Todo parecía posible, incluso probable. Sintió el impetuoso gozo de la aventura, de espadas, de galopes, de misterios y de hermosas mujeres. Echándose atrás en la silla, se recostó en la dormida Mara, que murmuró algo y estrecho el cerco de sus brazos en torno a su cintura. Por un instante, el viaje pareció una empresa hecha a su medida. No advirtió la presencia de los hombres hasta que, repentinamente, salieron de la alta hierba. El que iba al frente, un tipo arrugado, de piel morena, sonrió y levantó la mano.

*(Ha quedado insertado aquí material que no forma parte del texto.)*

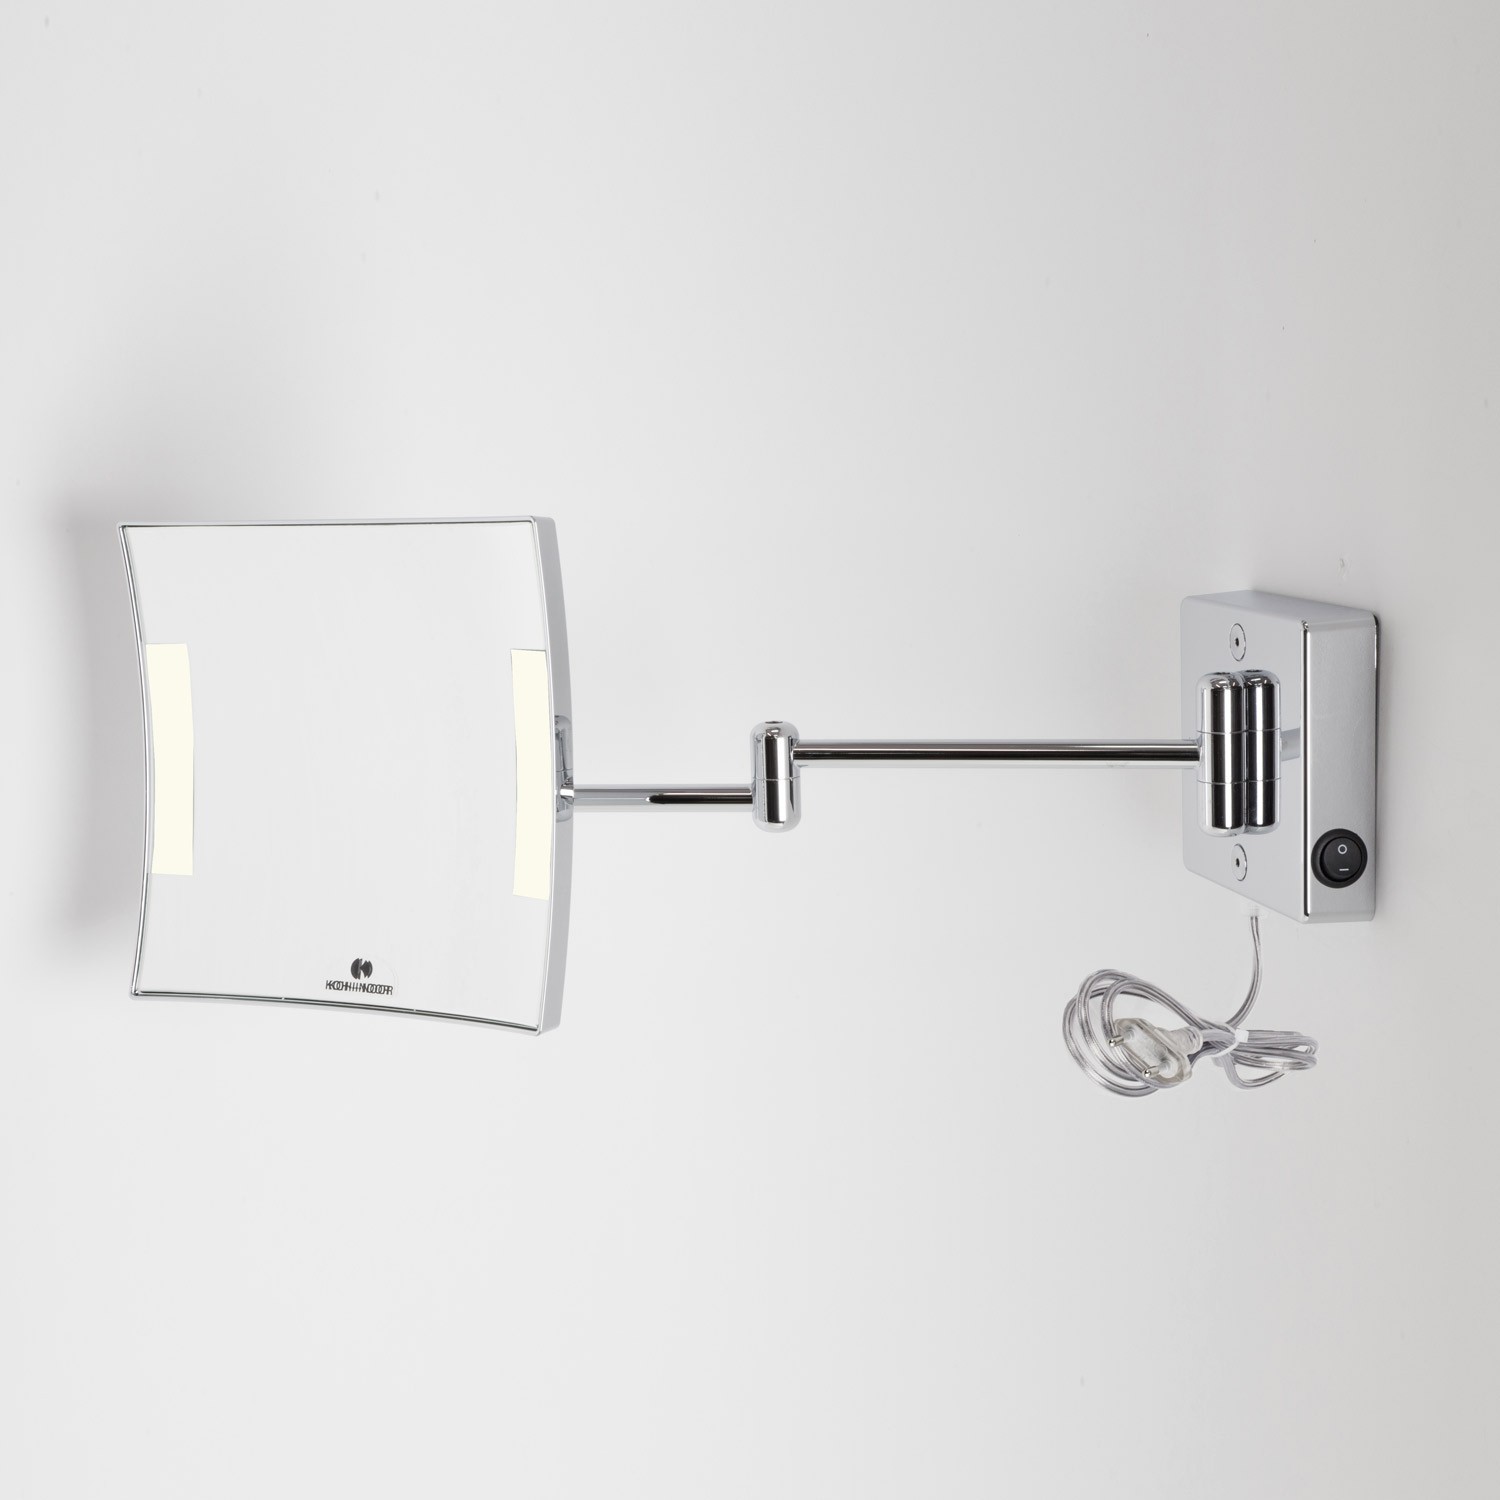 Specchio ingranditore x3 quadrato da parete cromo. 2 Braccia. Illuminazione  a LED.Alimentazione esterna con spina.

—¡Bien hallado, Sturm Bightblade! —saludó, hablando el Común con fluidez, pero con un fuerte acento de Lemish.
«El bueno de Jack Derry —pensó Sturm con admiración—. Tan rápido viajando como lo es manejando la espada».
—¡Hola! —respondió mientras desmontaba de la yegua. Y después, de un modo más ceremonioso y solámnico, agregó—: ¿A quién tengo el honor de dirigirme?
—Capitán Duir, de la milicia de Rolde de Cerros Pardos, señor —anunció el acartonado hombrecillo, que saludaba con una cómica posición de firmes—. Asignado para proteger los accesos occidentales.
Sturm volvió la cabeza para mirar divertido a Mara, que se frotaba los ojos y se desperezaba en la silla.
Sturm adelantó un paso, se quitó el guante, y ofreció su mano en el tradicional ademán solámnico. Tímidamente, con torpeza, el capitán Duir extendió la diestra, y los dos hombres se saludaron como iguales.
Sturm hizo un gesto de aprobación con la cabeza y sonrió al rústico soldado, que poco a poco devolvió la sonrisa, en tanto que sus azules ojos se estrechaban con una curiosa expresión divertida.
—Maese Sturm Brightblade de Solamnia —anunció el capitán, apretando con fuerza la mano del joven—, quedas arrestado como invasor, en nombre de Ragnell la Druida.